Description Shawn Hoopes 2023-03-15 14:37:12 MDT
With the following .json:[fred@login ~]$ cat job4.json 
{
       "job": {
                       "tasks": 8,
                       "name": "test",
                       "nodes": "2", "cpus_per_task": 1,
                       "current_working_directory": "/tmp/",
                       "environment": [
                               "PATH=/bin:/usr/bin/:/usr/local/bin/",
                               "LD_LIBRARY_PATH=/lib/:/lib64/:/usr/local/lib"
                       ]
       },
       "script": "#!/bin/bash\nsrun sleep 100"
}
[fred@login ~]$ 


The job fails:
JobId=18 JobName=test
   UserId=fred(1010) GroupId=users(100) MCS_label=N/A
   Priority=4294901742 Nice=0 Account=bedrock QOS=normal
   JobState=FAILED Reason=NonZeroExitCode Dependency=(null)
   Requeue=1 Restarts=0 BatchFlag=1 Reboot=0 ExitCode=1:0
   RunTime=00:00:00 TimeLimit=UNLIMITED TimeMin=N/A
   SubmitTime=2023-03-15T13:34:04 EligibleTime=2023-03-15T13:34:04
   AccrueTime=2023-03-15T13:34:04
   StartTime=2023-03-15T13:34:04 EndTime=2023-03-15T13:34:04 Deadline=N/A
   SuspendTime=None SecsPreSuspend=0 LastSchedEval=2023-03-15T13:34:04 Scheduler=Main
   Partition=debug AllocNode:Sid=2001:db8:1:1::1:6:162
   ReqNodeList=(null) ExcNodeList=(null)
   NodeList=node[00-01]
   BatchHost=node00
   NumNodes=2 NumCPUs=2 NumTasks=8 CPUs/Task=1 ReqB:S:C:T=0:0:*:*
   ReqTRES=cpu=2,mem=31934M,node=2,billing=2
   AllocTRES=cpu=2,mem=31934M,node=2,billing=2
   Socks/Node=* NtasksPerN:B:S:C=0:0:*:* CoreSpec=*
   MinCPUsNode=1 MinMemoryNode=0 MinTmpDiskNode=0
   Features=(null) DelayBoot=00:00:00
   OverSubscribe=OK Contiguous=0 Licenses=(null) Network=(null)
   Command=(null)
   WorkDir=/tmp/
   StdErr=/tmp//slurm-18.out
   StdIn=/dev/null
   StdOut=/tmp//slurm-18.out
   Power=
   

The slurm-18.out output:
[fred@node00 ~]$ cat /tmp/slurm-18.out 
srun: error: Unable to create step for job 18: More processors requested than permitted
[fred@node00 ~]$
Comment 2 Ben Glines 2023-03-16 14:10:15 MDT
Looks like num_cpus is not being calculated correctly for the job submitted via slurmrestd.

Running with srun (no slurmrestd) seems to work just fine:

> $ srun -n8 -N2 --cpus-per-task=1 hostname
> tars
> tars
> tars
> tars
> tars
> tars
> tars
> tars
> $ scontrol show  jobs 117 | grep NumCPUs
>    NumNodes=2 NumCPUs=8 NumTasks=8 CPUs/Task=1 ReqB:S:C:T=0:0:*:*

Notice NumCPUs=8 since there are 8 tasks.
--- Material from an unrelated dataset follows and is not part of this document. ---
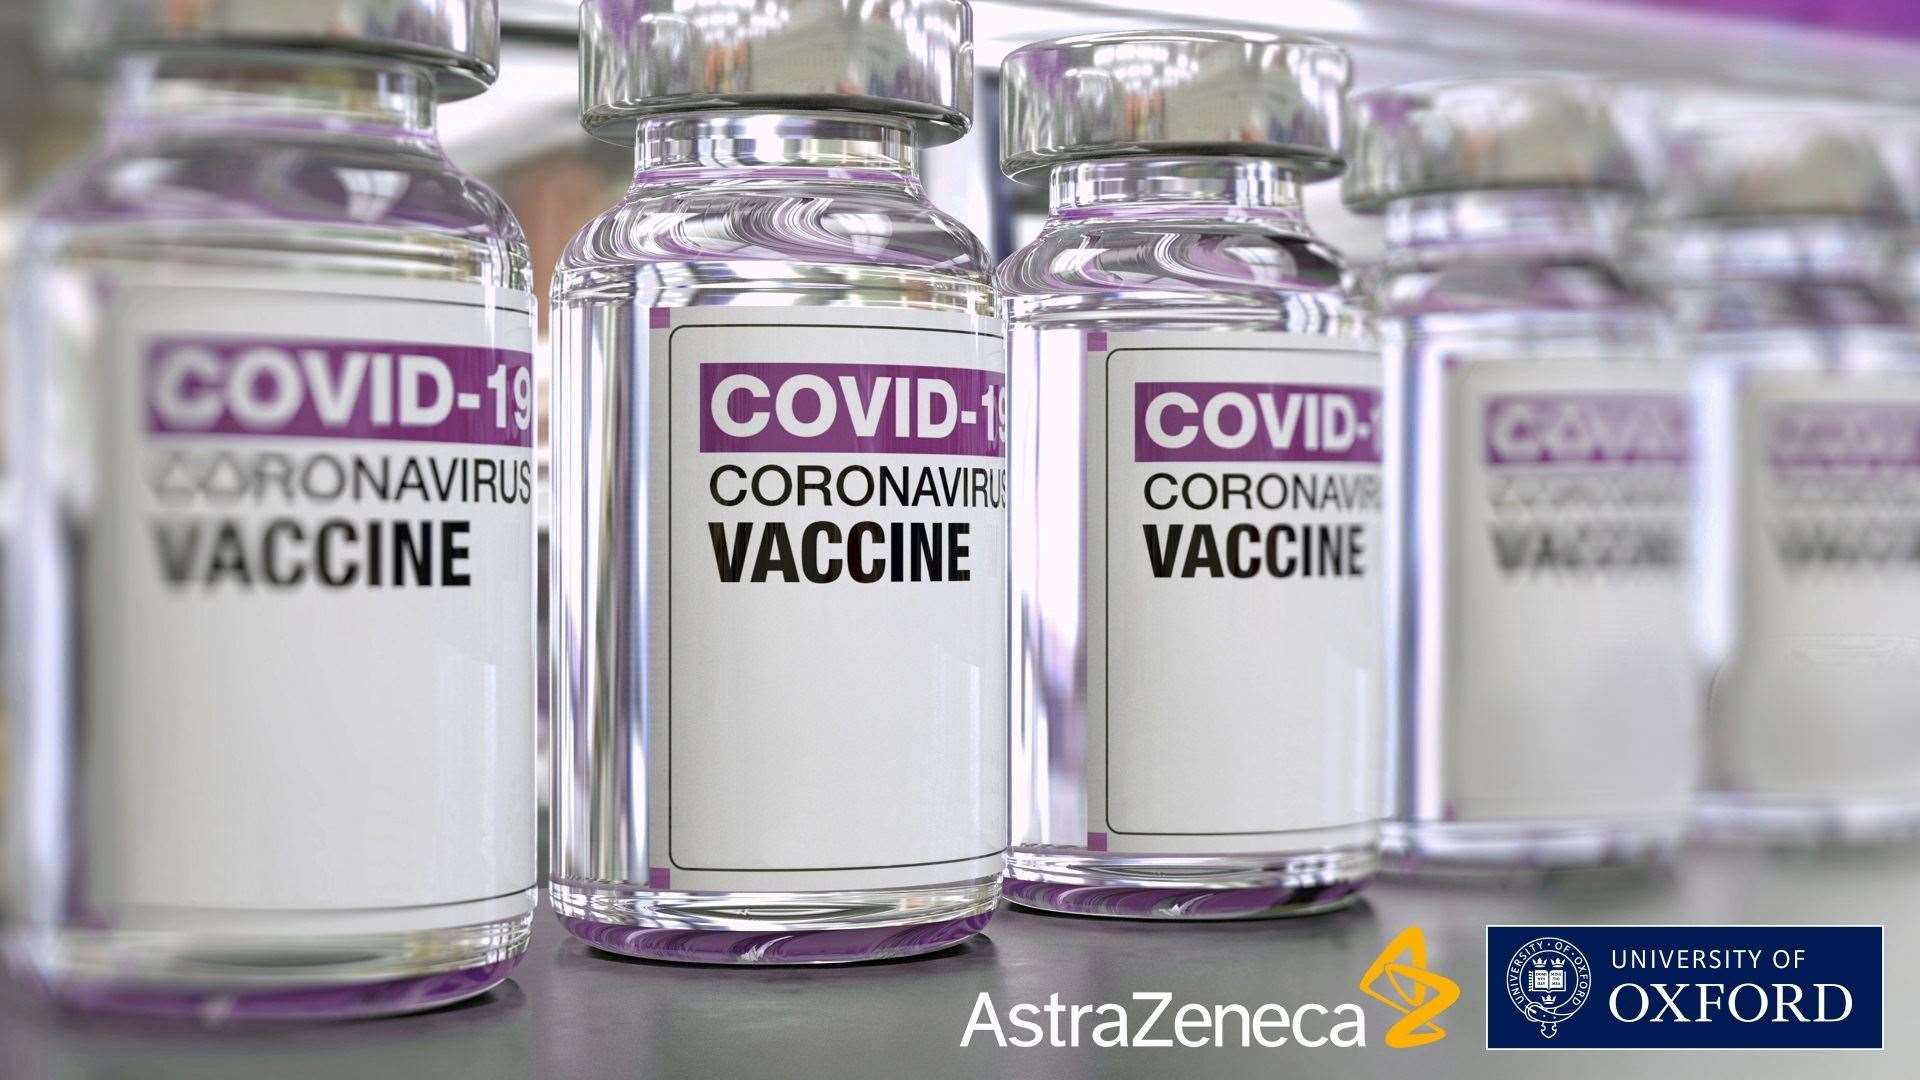 Vials of the AstraZeneca vaccine are being distributed in parts of Medway

Shawn's example using slurmrestd only shows 2:
>    NumNodes=2 NumCPUs=2 NumTasks=8 CPUs/Task=1 ReqB:S:C:T=0:0:*:*

Looking into this now.
Comment 9 Ben Glines 2023-03-20 16:07:20 MDT
Thanks for logging this bug Shawn! The fix will be available in the 23.02.1 release.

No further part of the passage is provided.